Attorneys with Colorado Springs-based McDivitt Law and New York firm Napoli Shkolnik are calling on the Colorado Department of Health to help pay for blood testing for people living in areas where perfluorinated compounds, or PFCs, have been detected above safe levels.
The firms are working together on a class action suit against manufacturers of firefighting foams believed to have leeched PFCs into drinking water in Security, Widefield, and Fountain--one of several class actions filed in recent weeks. Napoli Shkolnik has similar PFC cases pending in several other states, but attorney Paul Napoli described the scope of contamination in El Paso County as larger than in any other community in the country.
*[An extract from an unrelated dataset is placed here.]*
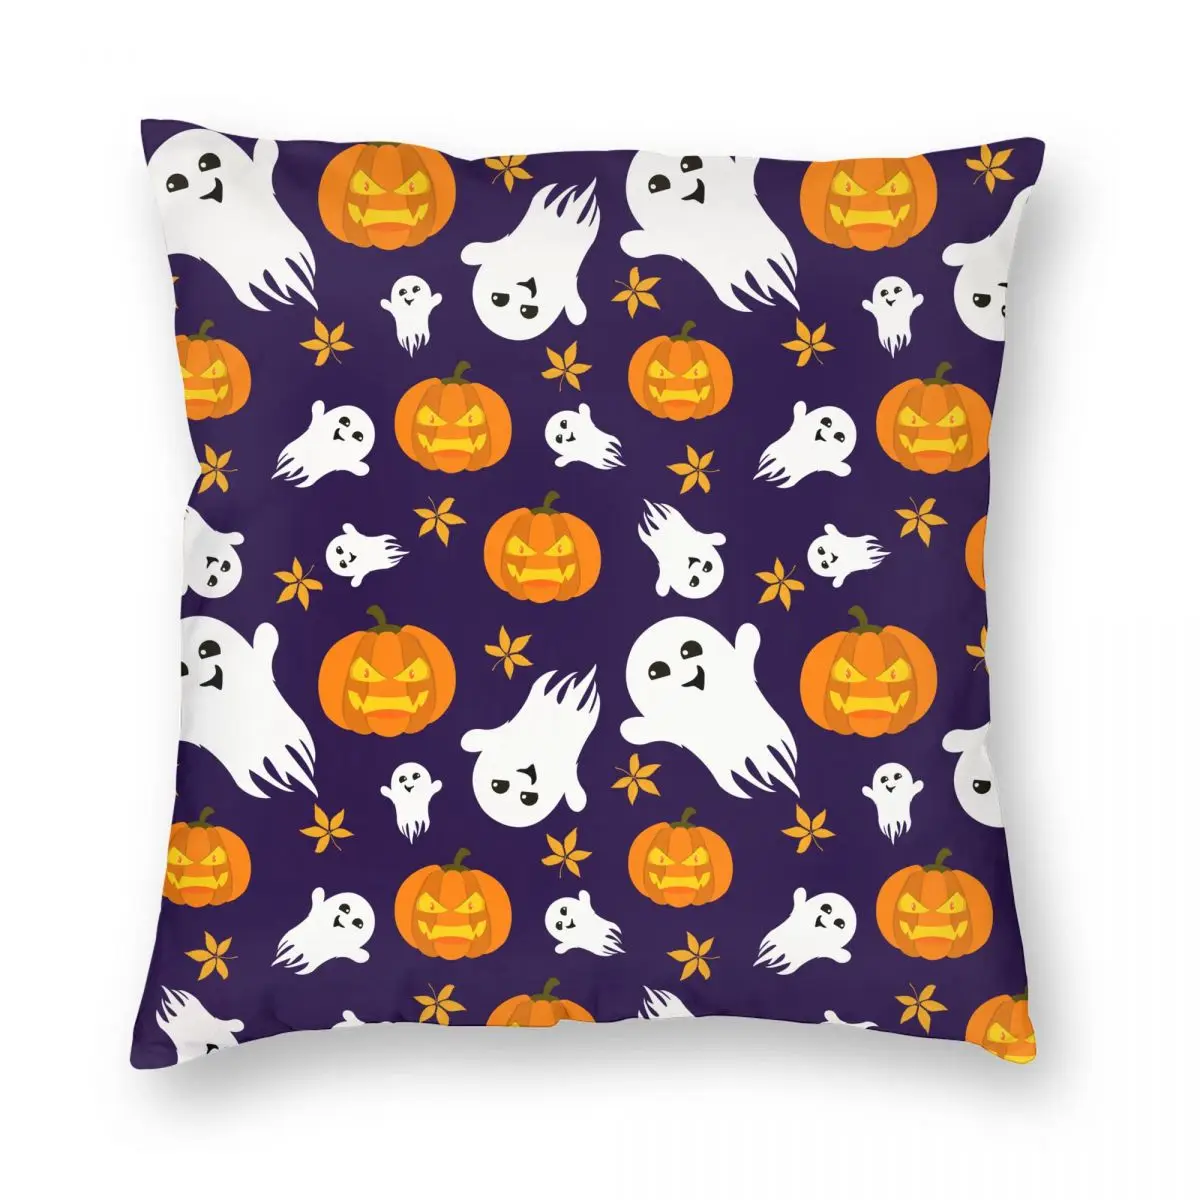 

Наволочка с изображением тыквы и призраков на Хэллоуин, двухсторонний тканевый чехол для подушки, декоративная подушка, чехол для спальни

"What we're hoping to see here in Colorado, where the enormity of this problem is greater than anywhere else, is that the government steps up and tests the community and the people in the community now, so that people in the community can understand how much this is really affecting them," he said.
Blood tests examining PFC levels in the body can cost as much as $700. Other states such New York, Vermont, and New Hampshire, where communities are also dealing with PFC contamination, have created programs to test residents in affected areas free of charge.
The Colorado Health Department said it wouldn't comment on pending litigation. But, on its website, the agency says it doesn't recommend blood testing for PFCs, adding that results of those tests don't show whether a person has health problems as a result of exposure.